A57
Trabectedin (ET-743) is a pro-differentiation drug in myxoid liposarcoma tumors
Claudia Forni1, Mario Minuzzo1, Emanuela Virdis2, Elena Tamborini2, Matteo Simone3, Michele Tavecchio3, Eugenio Erba3, Federica Grosso2, Alessandro Gronchi2, Pierre Aman4, Paolo Casali2, Maurizio D'Incalci3, Silvana Pilotti2, Roberto Mantovani1
1Università degli Studi di Milano, Milan, Italy, 2Istituto Nazionale Tumori, Milan, Italy, 3Istituto Mario Negri, Milan, Italy, 4Göteborg University, Göteborg, Sweden
Differentiation is a complex set of events that leads to the exit from the cell-cycle and the acquisition of specific cellular features; in certain pathways, this process can be blocked by rearrangements of regulatory genes producing fusion proteins with altered properties. In the case of myxoid liposarcoma -MLS- tumors, the causative abnormality is a fusion between the CHOP transcription factor and the FUS or EWS genes. CHOP belongs to, and is a negative regulator of, the large C/EBP family, whose α, β and δ members are master genes of adipogenesis. Recent clinical data indicate a peculiar sensitivity of these tumors to the natural marine compound Trabectedin.

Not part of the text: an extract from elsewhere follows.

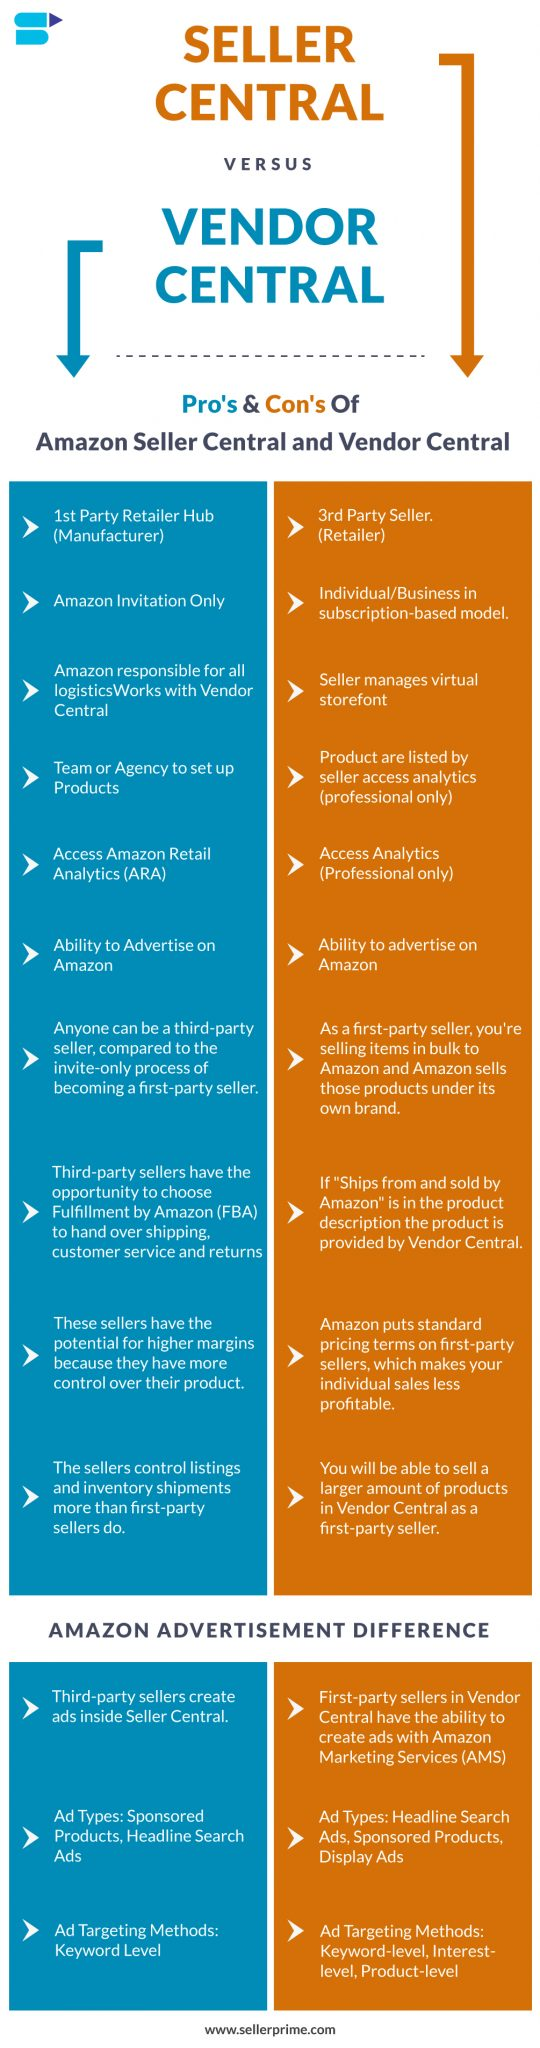 Amazon Seller Central Vs Vendor Central Difference Info-graphics

Here, we find that Trabectedin causes a specific post-transcriptional elimination of the FUS-CHOP chimaera. RT-PCR and ChIP analysis in MLS lines and surgical specimens of MLS patients in vivo show activation of the C/EBP-mediated transcriptional program that leads to morphologic changes of terminal adipogenesis.
Hence, the drug induces maturation of MLS lipoblasts in vivo by targeting the FUS-CHOP-mediated transcriptional block. Those data provide a rationale for the specific activity of Trabectedin and open the perspective of combinatorial treatments with drugs acting on lipogenic pathways.